Telecel Zimbabwe Marketing Director, Obert Mandimika, said the joint venture with one of the country's leading banks would enable banks to offer their customers an affordable and easy-to-use mobile banking facility that could change the face of banking in Zimbabwe.

Addressing journalists on Thursday Mandimika said Telecel was proud to be the first mobile phone network in Zimbabwe to have a mobile banking platform available to the country's banks and to ZimSwitch.

He said Telecel's collaboration with ZimSwitch was the first such partnership in the world between a mobile phone operator and a financial switch.

He said Telecel, with wide network coverage in all major population centres around Zimbabwe, embarked on a massive investment aimed at covering the last rural outposts that were not yet covered.

The banking service would not only benefit banks and their existing customers but those who previously  had no bank account, including those in rural areas who could now register easily for mobile banking. This would enable them to use their cellphones to transfer or send money to other people, to deposit and withdraw money and to pay for goods and services.

Several banks linked to Zimswitch such as CABS, the People's Own Savings Bank and Interfin Bank witnessed the unveiling of the new technology

ZimSwitch business development manager Adam Roscoe said another eight banking institutions were expected to go live with their mobile banking service within the next two months.

Telecel is providing the mobile banking platform while ZimSwitch is in turn providing the link to switch between banks, in the same way it has done in the past to enable customers of different banks to make use of each other's automated teller machines (ATMs) and point of sale (POS) terminals.

Under the new technology, money can be sent instantly through the cellphone to anyone else with a cellphone, regardless of the recipient's cellphone network.

The recipient receives notification on the cellphone of the amount transferred and a transaction reference number. The sender then contacts the recipient with a secret code.

The recipient just has to go to the nearest outlet with a ZimSwitch Ready sign, provide the information given in the money transfer message and the secret code, produce an identity card and receive the money.

Roscoe said the mobile banking concept shared by Telecel ZimSwitch and ZimSwitch member financial institutions was to provide mobile banking at a minimal cost. Banking institutions, by cooperating and making use of ZimSwitch were able to offer the service at a low cost.

CABS managing director Kevin Terry echoed the importance of making banking services available in this way to people who have not previously held bank accounts.

"People are not unbanked because they want to be," said Terry.

"They are unbanked because they either have no access to a bank or cannot afford to open an account."

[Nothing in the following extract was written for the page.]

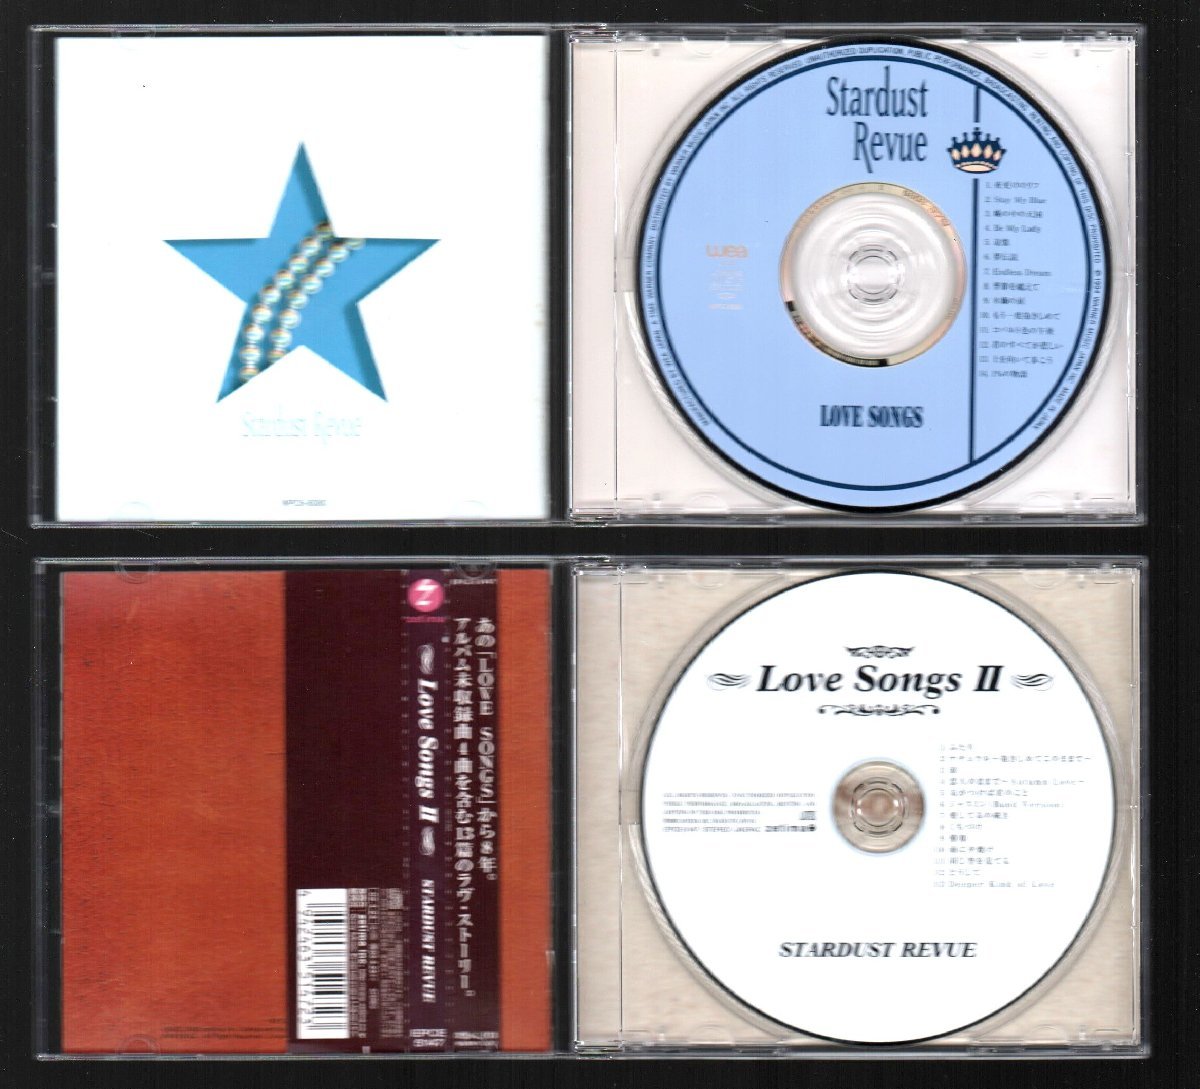 # Star пыль * Revue # Rav song лучший (2 произведение комплект )#[Love Songs][ II]#! дерево лотос. слезы!#WPC6-8080/EPCE-5147#94&02 год произведение #

The mobile banking service makes it possible to engage in banking activities even when there is no bank nearby and to do so at minimal cost.

Registering for mobile banking is simple. A Telecel line and identity card is the basic requirement.

"We had discussions with all three mobile networks but only Telecel has really been listening to us," said Terry.

Asked how this mobile banking platform compared with Ecocash, which was recently launched by Econet, Terry said Ecocash was a closed network.

Money that was sent could only be accessed from an Ecocash outlet. Money could not be sent instantly to another person's bank account.